§ Input for this task

====================

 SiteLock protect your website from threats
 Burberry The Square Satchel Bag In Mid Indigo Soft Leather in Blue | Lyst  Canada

====================

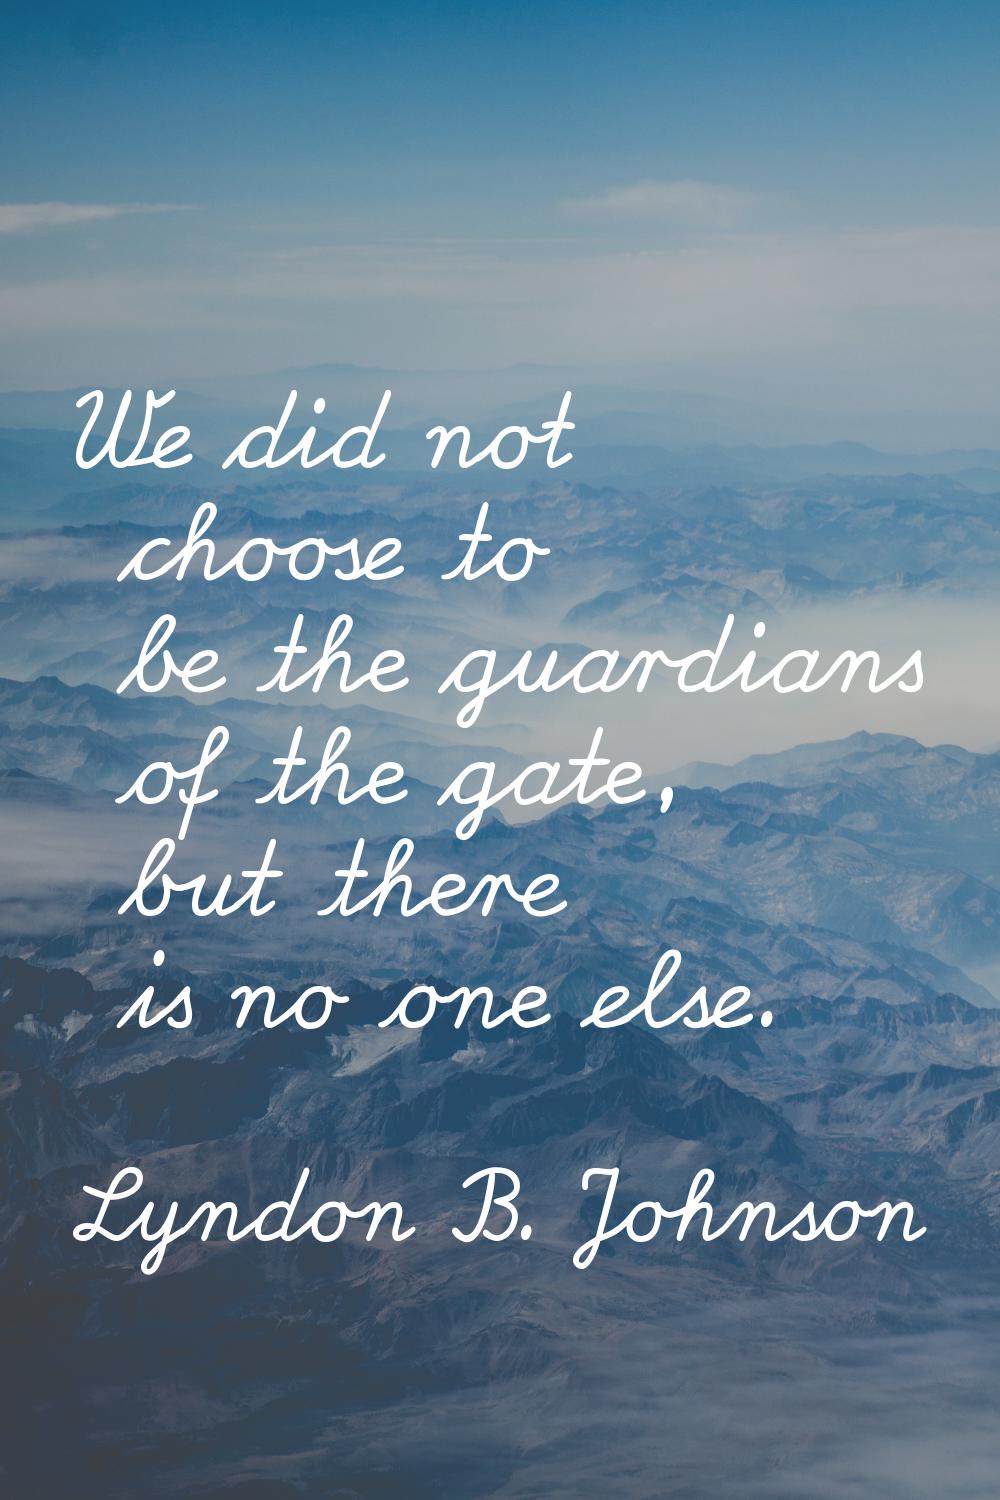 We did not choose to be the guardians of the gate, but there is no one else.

====================

§ Exercise goal
Would you please write out, exactly and with no other lines, the stretch of the listing above from the line containing "SiteLock protect your website from threats" through the line containing "Burberry The Square"?

§ Exercise answer
 SiteLock protect your website from threats
 Burberry The Square Satchel Bag In Mid Indigo Soft Leather in Blue | Lyst  Canada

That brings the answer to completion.